In a news release, ICUS co-president Stephanie Wilson, professor of radiology at the University of Calgary, stated that the United States is currently behind the rest of the world when it comes to using CEUS. Though UCAs are approved by the FDA for cardiac and liver imaging in adults and children in Europe, Canada, Asia, and Brazil, UCAs are being used to pinpoint cancers elsewhere in the body, as well as to monitor chronic gastrointestinal diseases, detect vascular disease, and diagnose other conditions. ICUS noted in its petition that the FDA has steadily responded to evidence of the safety and efficacy of UCAs by downgrading package insert contraindications three times since 2007 and by removing a 30-minute monitoring requirement for patients with pulmonary hypertension or unstable cardiopulmonary conditions. 

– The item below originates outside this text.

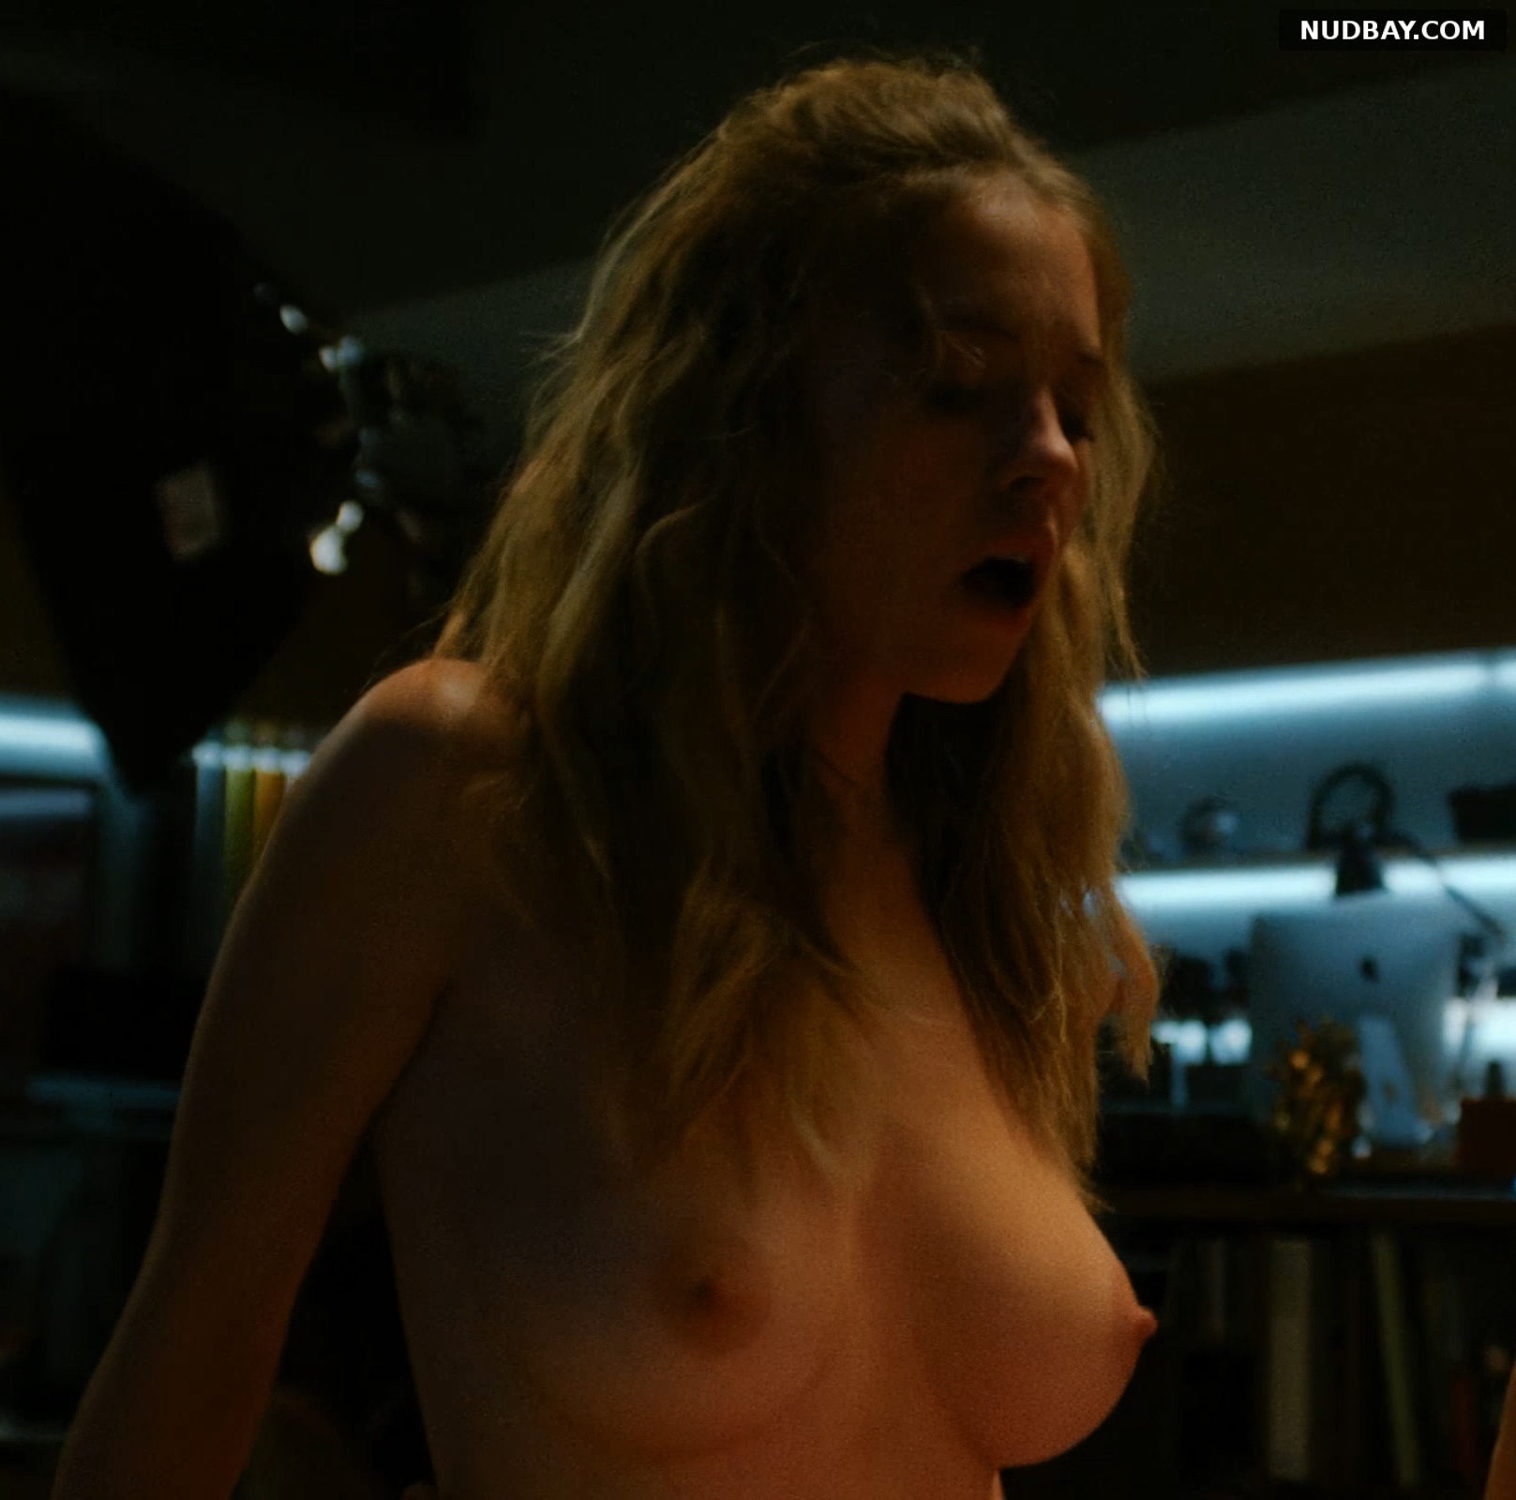 Sydney Sweeney nude in the movie The Voyeurs (2021)

The cost savings from using CEUS can be significant. A study released last year showed that Los Angeles County Hospital saved $117,000 annually by using CEUS in an initial scan to immediately detect liver and kidney lesions without waiting for further CT or MRI procedures. Conducting an initial CEUS scan avoided further CT or MRI procedures in two-thirds of patients studied. 

In the study, the hospital’s cost of a CEUS scan was estimated at $309, compared with the cost of CT ($647.31) or MRI ($1,116.94), based on Medicare costs. In addition, the study reported that the time to diagnosis using CEUS was 5.2 days, compared with 52 days for CT and 123.5 days for MRI.